What is also notable is that the lawyer works for an anti-abortion group specializing in pro-life litigation.  However, I question these tactics.  The winning argument, well maybe not for a Texas court, is that is is insane for someone to force any woman to abort a child against their will, regardless of the risk to the person or baby.  Otherwise, parents can undermine the autonomy of a woman in child bearing decisions simply because she is a minor.

There could be a further underlying strategic goal here.  In a case in which a teenager wishes to get an abortion over her parents wishes, she still must overcome the general state interest in preserving life, which courts have been using to justify various hurdles for teenagers to over come to procure abortions.  In contrast, here the state interest doubles down on the teenagers interest in having a child and protects the child from overbearing parents.

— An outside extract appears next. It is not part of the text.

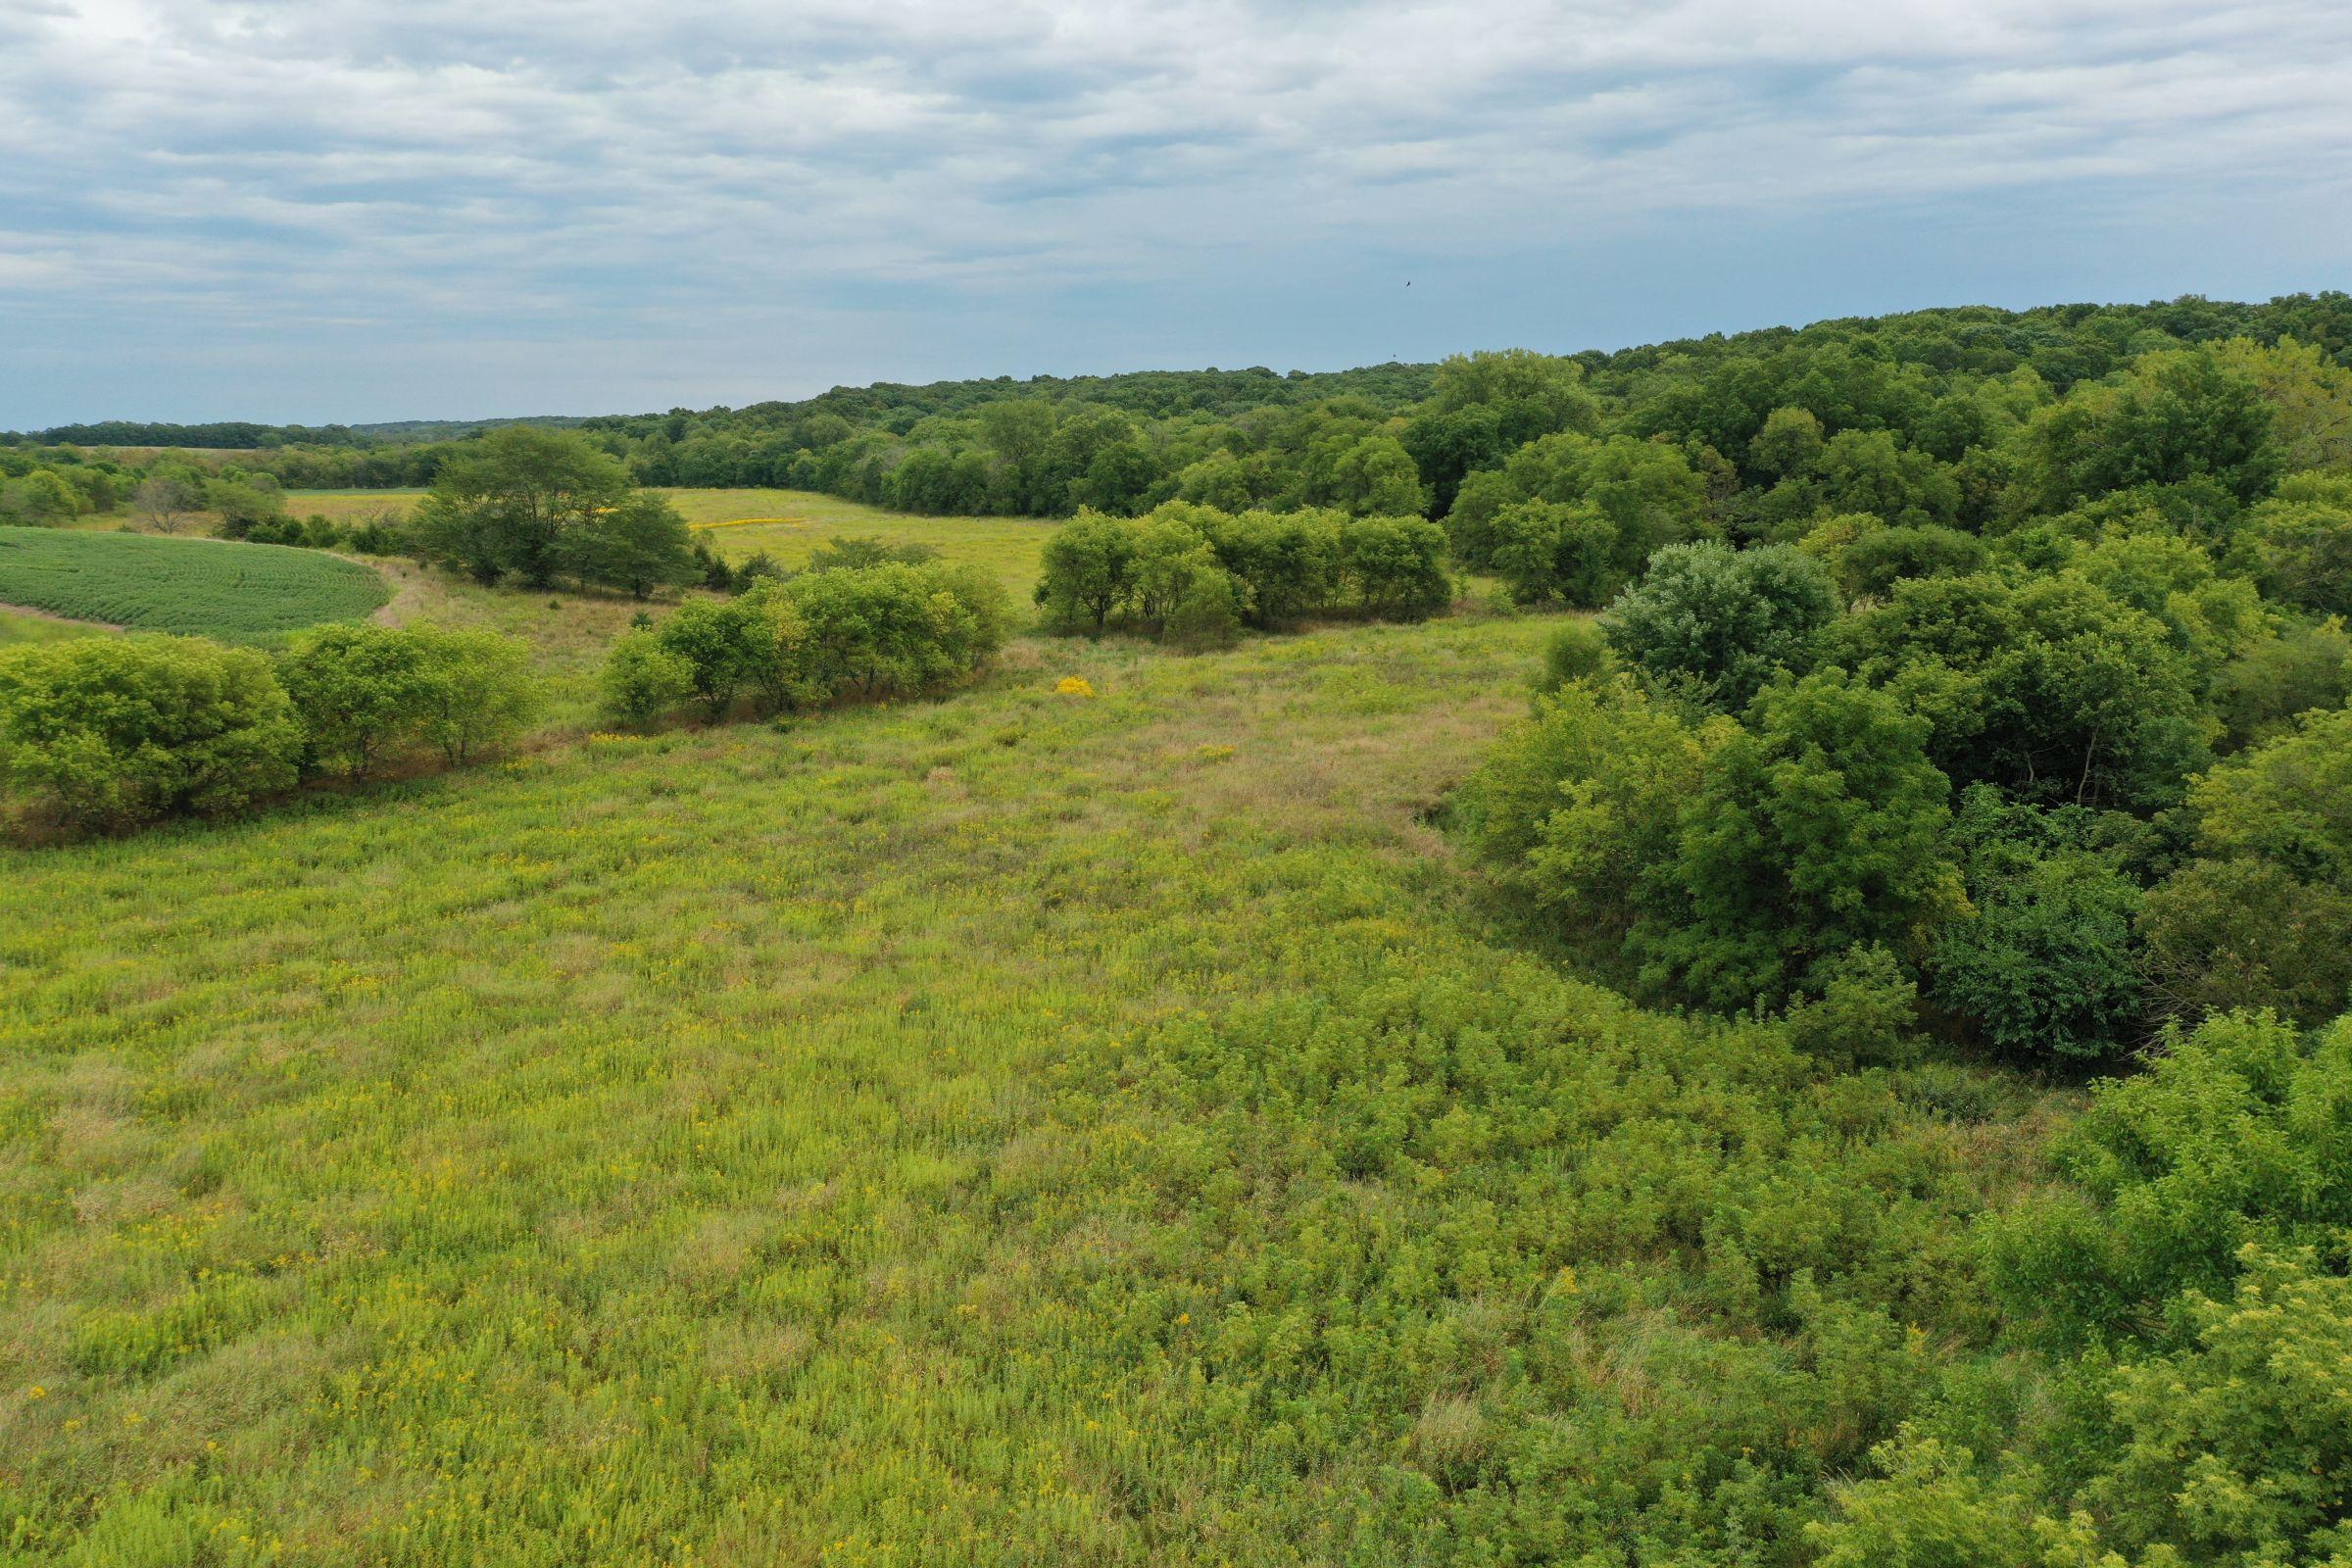 land-clarke-county-iowa-86-acres-listing-number-15147-2-2020-09-02-143151.jpg

We can also look at this the other way.  If the state is so willing to protect a child whose parents are trying to coerce her into having an abortion, why is the state so unwilling to protect a child from coercion from parents forcing the teenager into having the child.  It seems inconsistent to me to say that a parent has no say over child bearing decisions in one case, and in the other case can use anything short of abuse in the other situation to coerce a child.

The pro-choice lobby would be wise to take on more of these easy to win cases to prevent the pollution of workable jurisprudence uphold the reproductive rights of women.  The right to autonomy over ones self requires that there be no overbearing influence forcing action in one direction or another. The pro-choice lobby should see that the Roe v. Wade doctrine is not interpreted to say that coercion is only bad if only done in one direction.